Brownstone rowhouses are prevalent in many parts of Brooklyn, including Bedford-Stuyvesant
(seen here).
New York has architecturally significant buildings in a wide range of styles. These include the
Woolworth Building (1913), an early gothic revival skyscraper built with massively scaled
gothic detailing able to be read from street level several hundred feet below. The 1916 Zoning
Resolution required setback in new buildings, and restricted towers to a percentage of the lot
size, to allow sunlight to reach the streets below.[60] The Art Deco design of the Chrysler
Building (1930), with its tapered top and steel spire, reflected the zoning requirements. The
building is considered by many historians and architects to be New York's finest building, with
its distinctive ornamentation such as replicas at the corners of the 61st floor of the 1928 Chrysler
eagle hood ornaments and V-shaped lighting inserts capped by a steel spire at the tower's
crown.[61] A highly influential example of the international style in the United States is the
Seagram Building (1957), distinctive for its facade using visible bronze-toned I-beams to evoke
the building's structure. The Condé Nast Building (2000) is an important example of green
design in American skyscrapers.[54] The character of New York's large residential districts is
often defined by the elegant brownstone rowhouses, townhouses, and shabby tenements that
were built during a period of rapid expansion from 1870 to 1930.[62] Stone and brick became the
city's building materials of choice after the construction of wood-frame houses was limited in the
aftermath of the Great Fire of 1835.[63] Unlike Paris, which for centuries was built from its own
limestone bedrock, New York has always drawn its building stone from a far-flung network of
quarries and its stone buildings have a variety of textures and hues.[64] A distinctive feature of
many of the city's buildings is the presence of wooden roof-mounted water towers. In the 1800s,
the city required their installation on buildings higher than six stories to prevent the need for
excessively high water pressures at lower elevations, which could burst municipal water pipes.[65]

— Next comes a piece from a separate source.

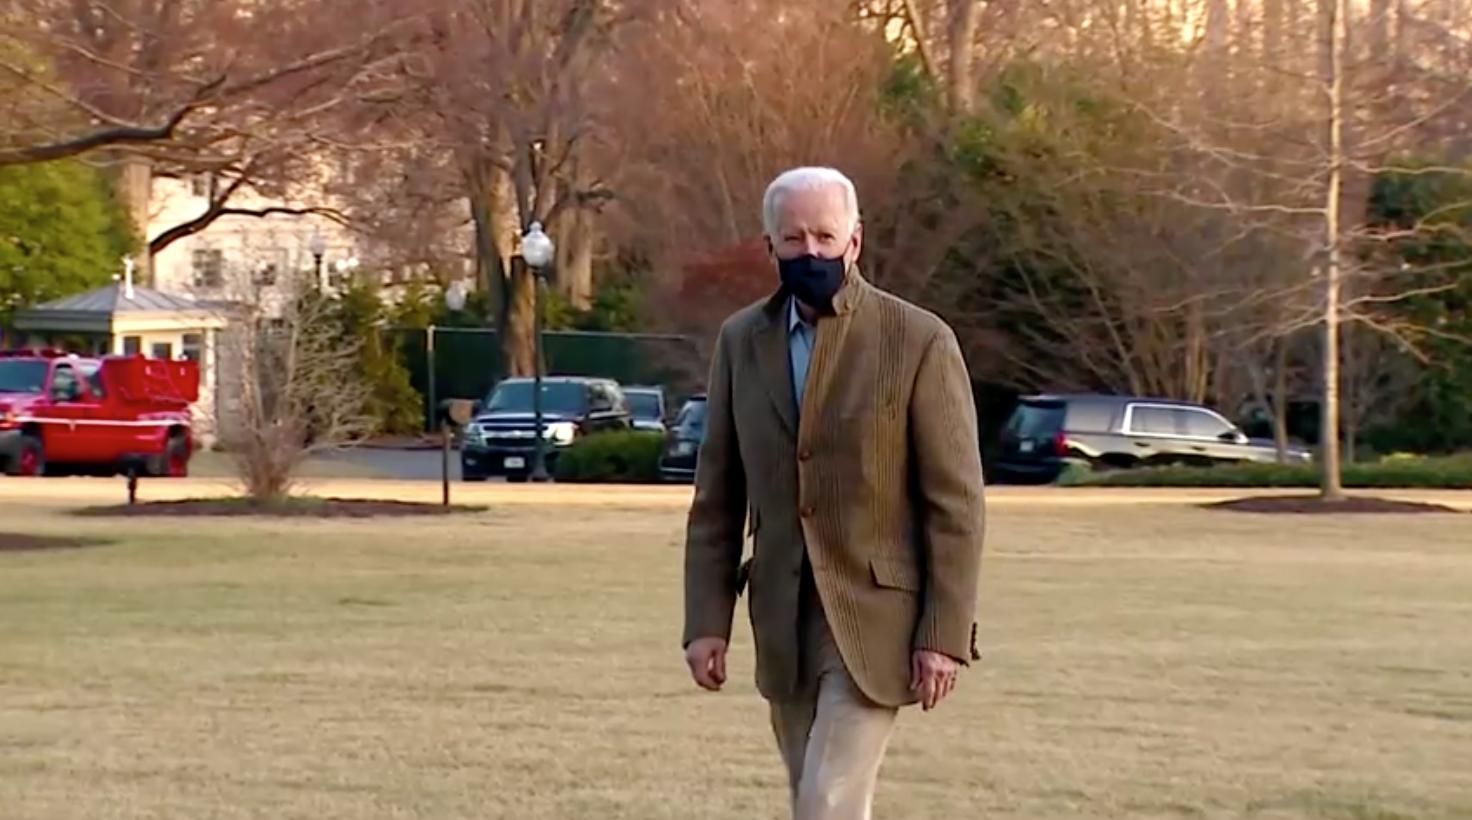 Tổng Thống Biden từ chối kêu gọi Thống Đốc Andrew Cuomo từ chức cho đến khi cuộc điều tra về các cáo buộc quấy rối tình dục hoàn thành

Garden apartments became popular during the 1920s in outlying areas, including Jackson
Heights in Queens, which became more accessible with expansion of the subway.[66]
Parks

Central Park is the most visited city park in the United States[67]
New York City has over 28,000 acres (11,000 ha) of municipal parkland and 14 miles (22 km) of
public beaches.[68] This parkland is augmented by thousands of acres of Gateway National
Recreation Area, part of the National Park system, that lie within city boundaries. The Jamaica
Bay Wildlife Refuge, the only wildlife refuge in the National Park System, alone is over
9,000 acres (3,600 ha) of marsh islands and water taking up most of Jamaica Bay. Manhattan's
Central Park, designed by Frederick Law Olmsted and Calvert Vaux, is the most visited city park
in the United States with 30 million visitors each year — 10 million more than Lincoln Park in
Chicago, which is 2nd.[67] Prospect Park in Brooklyn, also designed by Olmsted and Vaux, has a
90 acre (36 hectare) meadow.[69] Flushing Meadows–Corona Park in Queens, the city's third
largest, was the setting for the 1939 World's Fair and 1964 World's Fair.
Boroughs
Main articles: Borough (New York City) and Neighborhoods of New York City
New York City is composed of five boroughs, an unusual form of government.[70] Each borough
is coextensive with a respective county of New York State as shown below. Throughout the
boroughs there are hundreds of distinct neighborhoods, many with a definable history and
character to call their own. If the boroughs were each independent cities, four of the boroughs
(Brooklyn, Queens, Manhattan, and the Bronx) would be among the ten most populous cities in
the United States.
                                                        [71]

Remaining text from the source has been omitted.